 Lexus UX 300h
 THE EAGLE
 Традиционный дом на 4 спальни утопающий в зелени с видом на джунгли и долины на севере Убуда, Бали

######

Goal of the exercise:
Transcribe the data above exactly as it reads.

Written answer:
 Lexus UX 300h
 THE EAGLE
 Традиционный дом на 4 спальни утопающий в зелени с видом на джунгли и долины на севере Убуда, Бали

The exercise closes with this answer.